The two steps together correspond to a significant data reduction. Typically a cloud of about 1000 raw data points that correspond to the elution of a peptide to one representative multi-dimensional point.

Features have summary coordinates (centroid retention time, average monoisotopic peak, summed intensities, etc. ) and additionaly contain information about their containing sticks or raw data points (isotope pattern, quality of fit, etc.)

Parts of the OpenMS project

OpenMS covers a wide range of functionalities which are needed for software development when it comes to the analysis of high throughput protein separation and mass spectrometry related data.

Signal Processing High throughput analysis of proteins using mass spectrometry requires an efficient signal processing which reduces the amount of data with minimal loss of information. Peaks have to be detected, and important features like their peak centroid position, the height and the area have to be determined. For peak picking, we propose a Wavelet-based scheme for the processing of mass spectrometry data that is able to cope with the difficulties posed by applications in proteomics. Often several preprocessing steps are applied to raw data before the actual peak picking.
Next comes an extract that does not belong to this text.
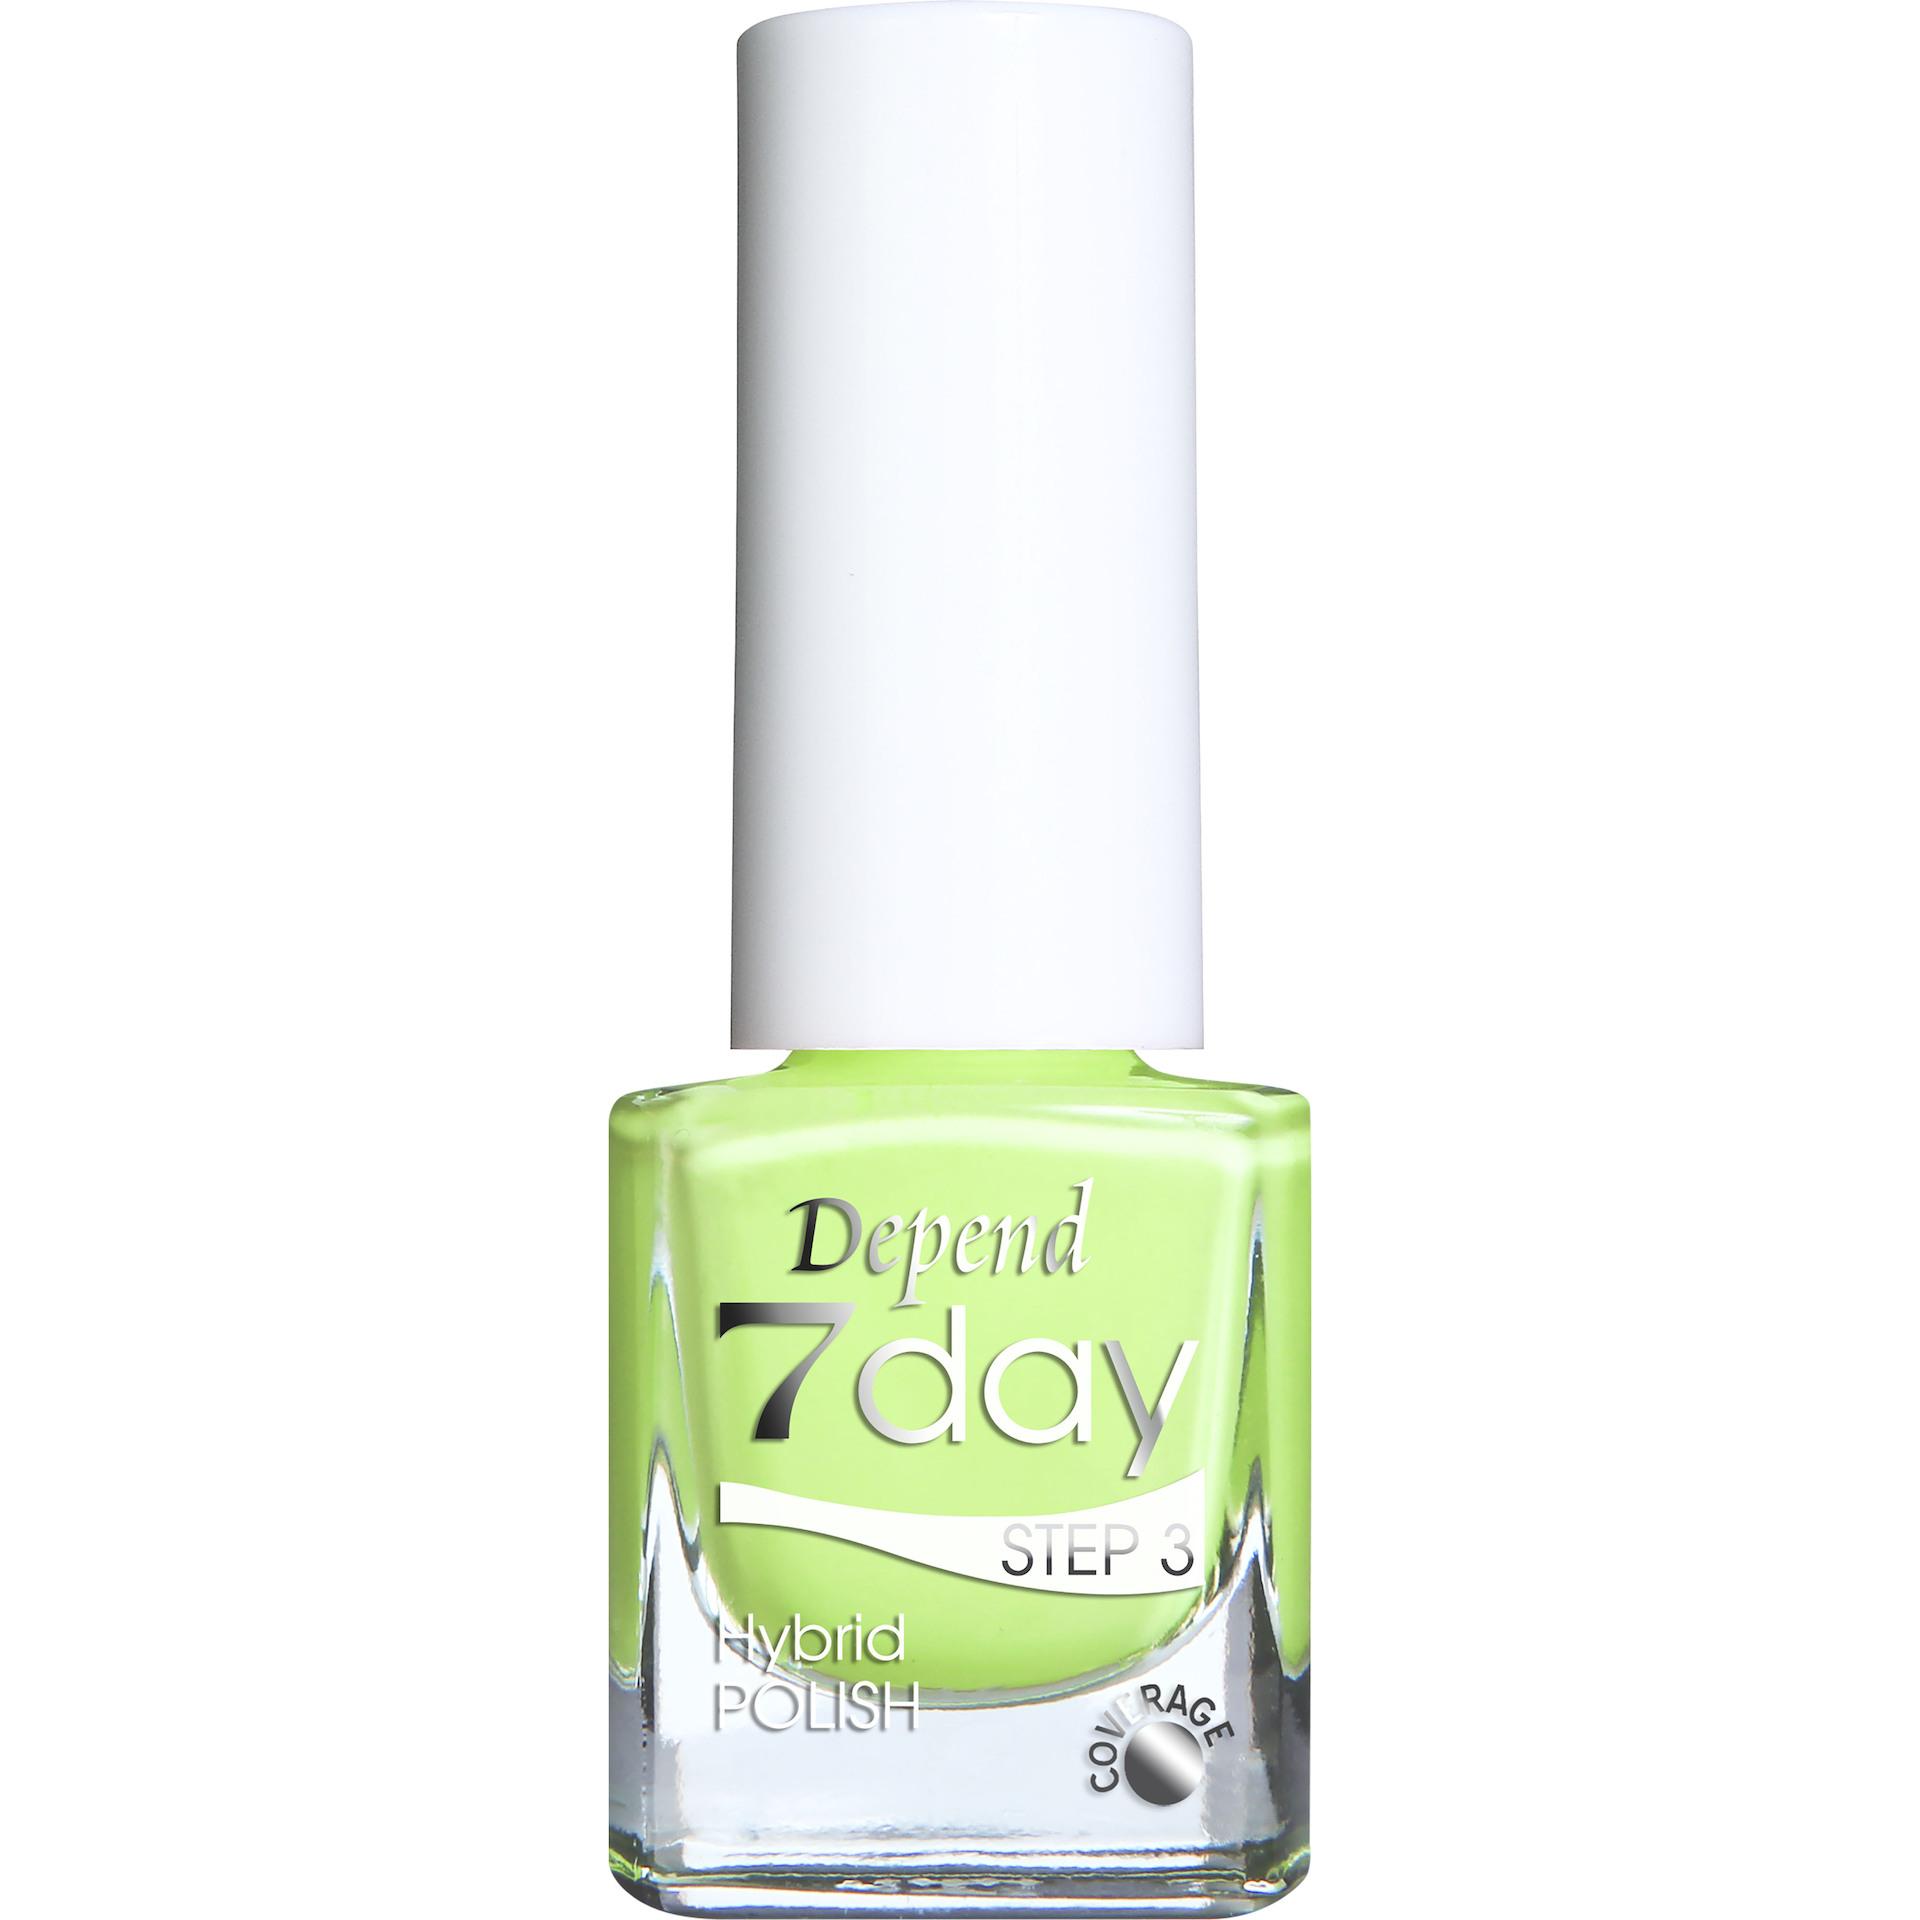 7 Day Hybrid Nail Polish Neon Motion Depend KICKS

OpenMS also supports baseline reduction and noise filtering of raw data.
Feature Finding After the first data reduction by peak picking, our approach is to reduce the amount of data even further. This is done by determining all peaks belonging to the same 'feature' (a chemical entity, for instance a peptide charge variant) and adjusting a theoretical model to them. A quality value is assigned to each feature regarding its measurement in each dimension of characterization, e.g. its elution profile (retention time) and isotope distribution (mass-to-charge). The features are then used for label-free and isotope-labeled quantitation.
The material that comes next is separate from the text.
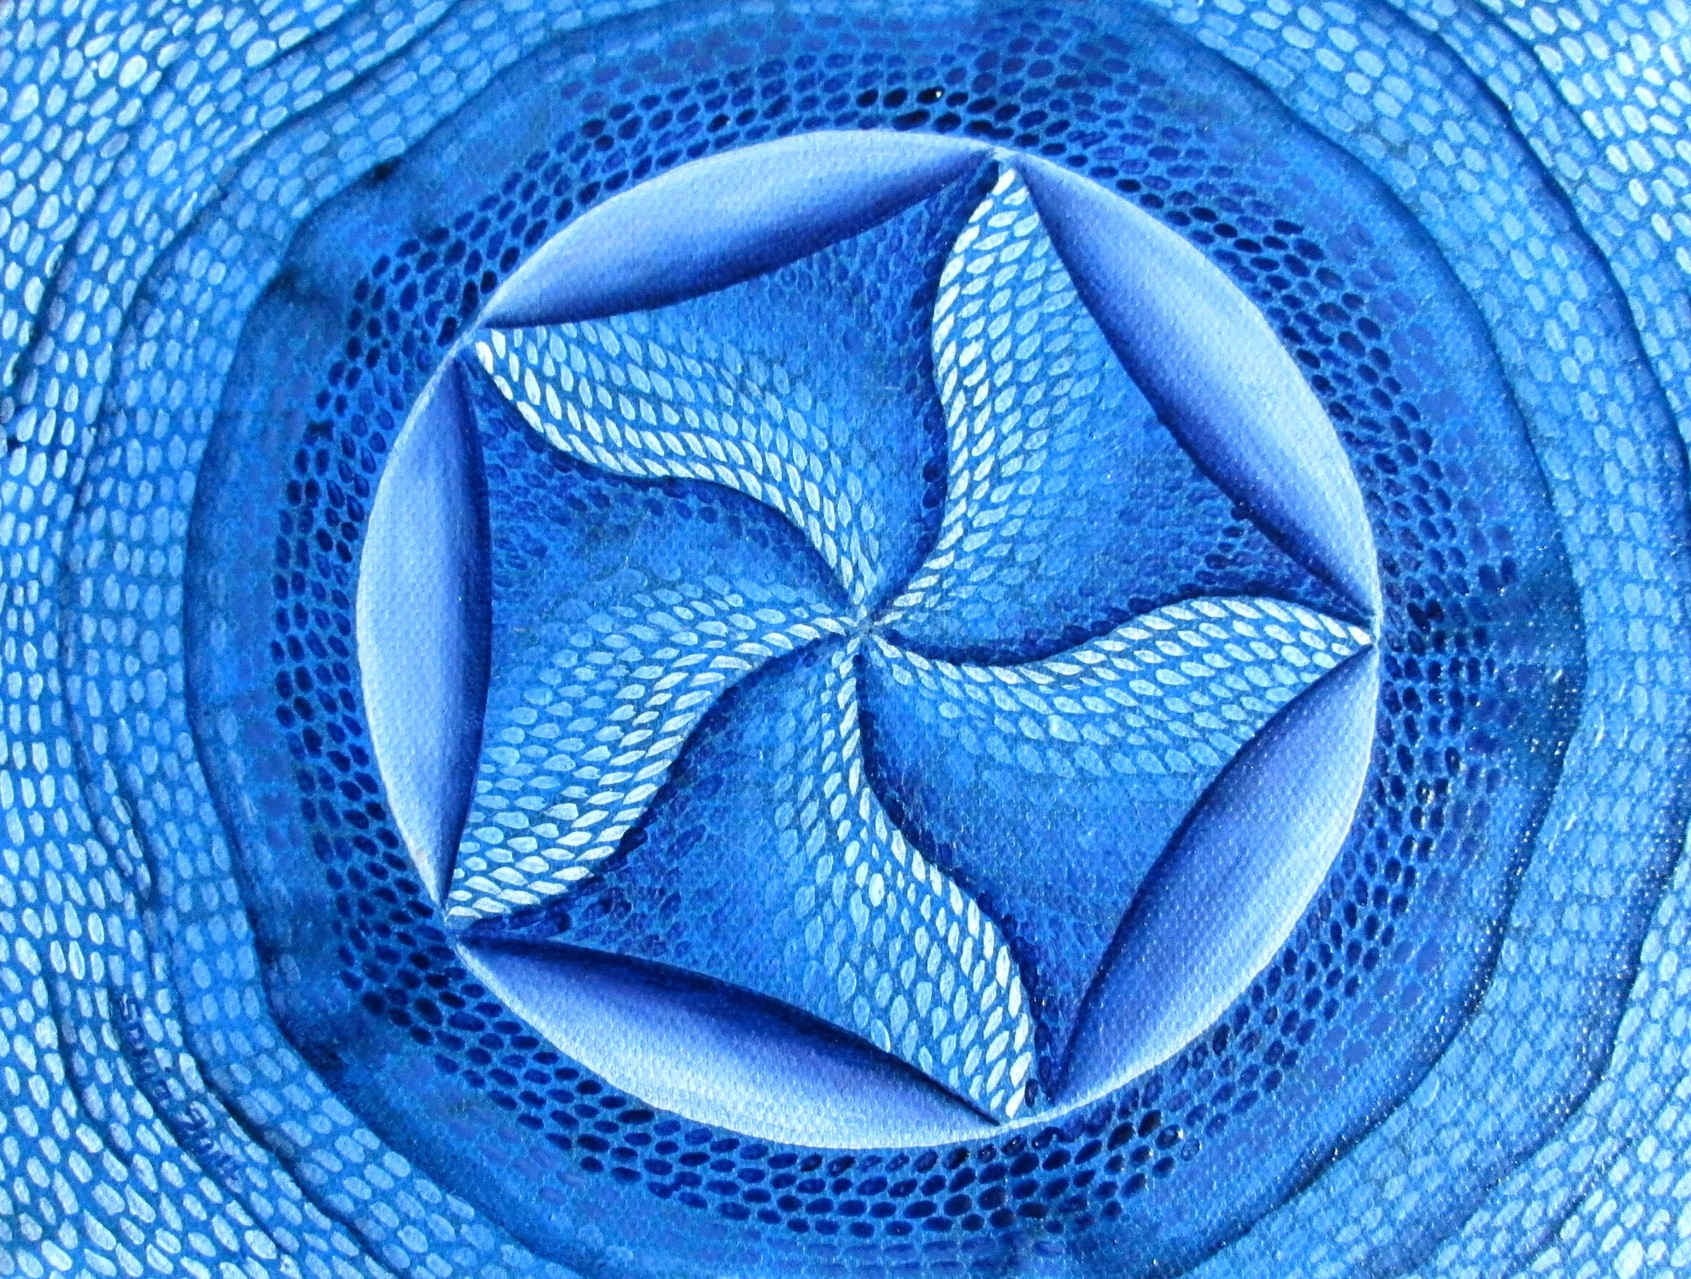 Blue Mandala doodle II, oil on cradled wood board 6x8, Sept.2014

Visualization OpenMS can visualize HPLC-MS data in several differend views. Single scans can be displayed in a 2-dimensional plot. The more complex maps, can be displayed in a 2D view (birds-eye view with color-coded intensities) and even in a 3D view. The representations of the data are highly configurable and can thus be reused in many applications. The images on the right are screenshots of 'TOPPView', a MS data viewer that is part of TOPP.
Map Mapping Many proteomics experiments consist of several HPLC-MS runs. The runs have to be aligned in order to correct for problems in chromatography. Map mapping is the process whereby maps of peaks or features from different measurements are superimposed. The first step is to find a transformation that moves features from one map close to corresponding features in the other one. A standard geometric hashing approach is sufficient in most cases. In the second step we determine a combinatorial matching and extract groups of corresponding features for differential analysis.
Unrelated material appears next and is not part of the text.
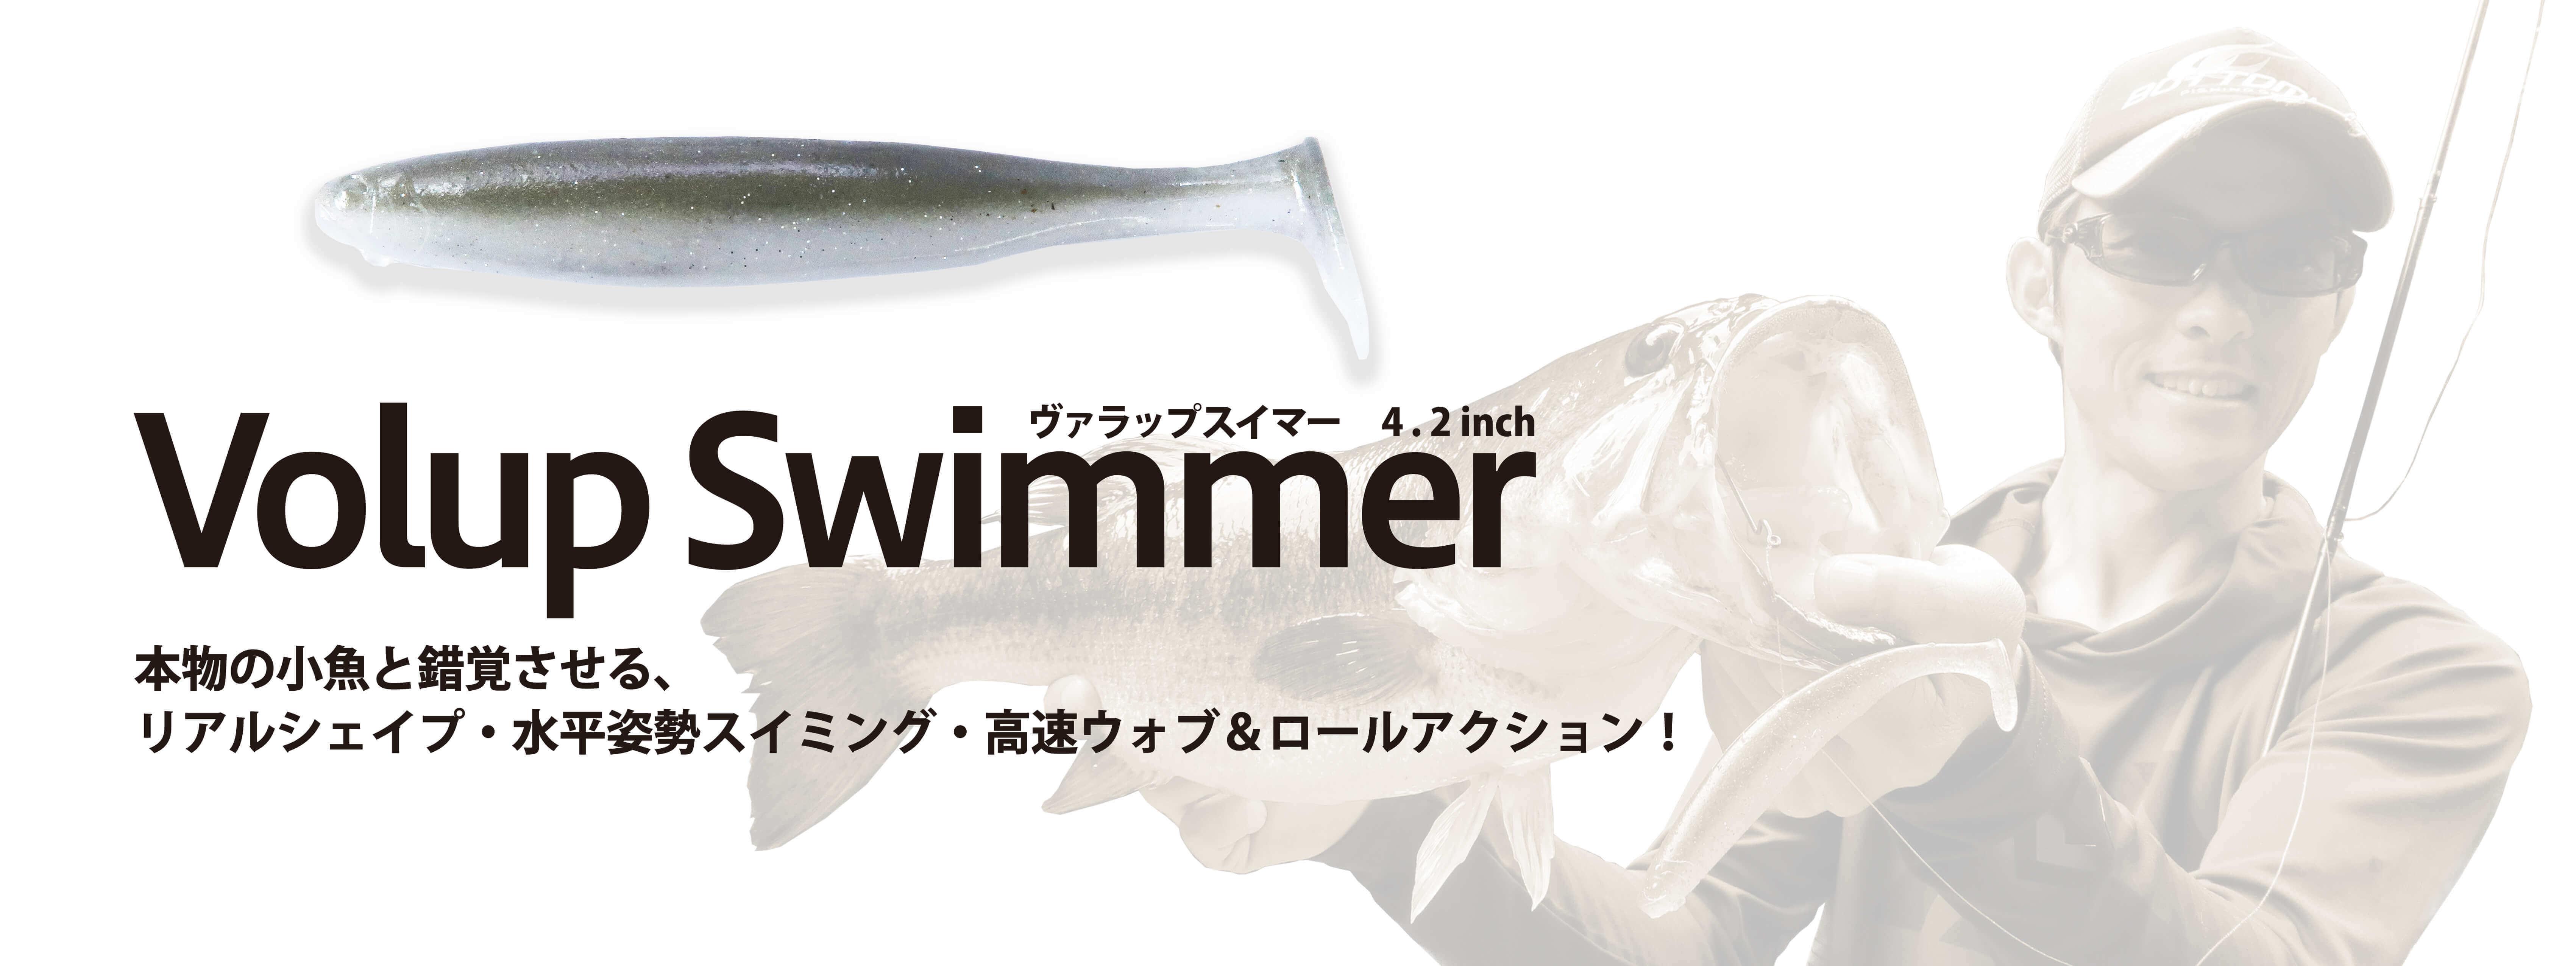 Volup Swimmer

Identification The identification of peptides and proteins is one of the main tasks in proteomics research. OpenMS can read and write the data formats of the most popular identification engines, e.g. Sequest, Mascot, OMSSA, X!Tandem. Data structures for that store the data for further analysis of identification results are available. OpenMS can e.g. filter the identification results, compute consensus results of several identification engines. Additionally the identifications can be validated using retention time prediction.
Database Support High throughput technologies in modern proteomics result in a lot of data which needs to be annotated, analysed and stored. The huge amount of data makes database support an essential feature of nearly every proteomics application. OpenMS offers database support through the Qt SQL module, which allows the use of a variety of different SQL databases. The database model of OpenMS conforms as far as possible to the HUPO PSI-OM model.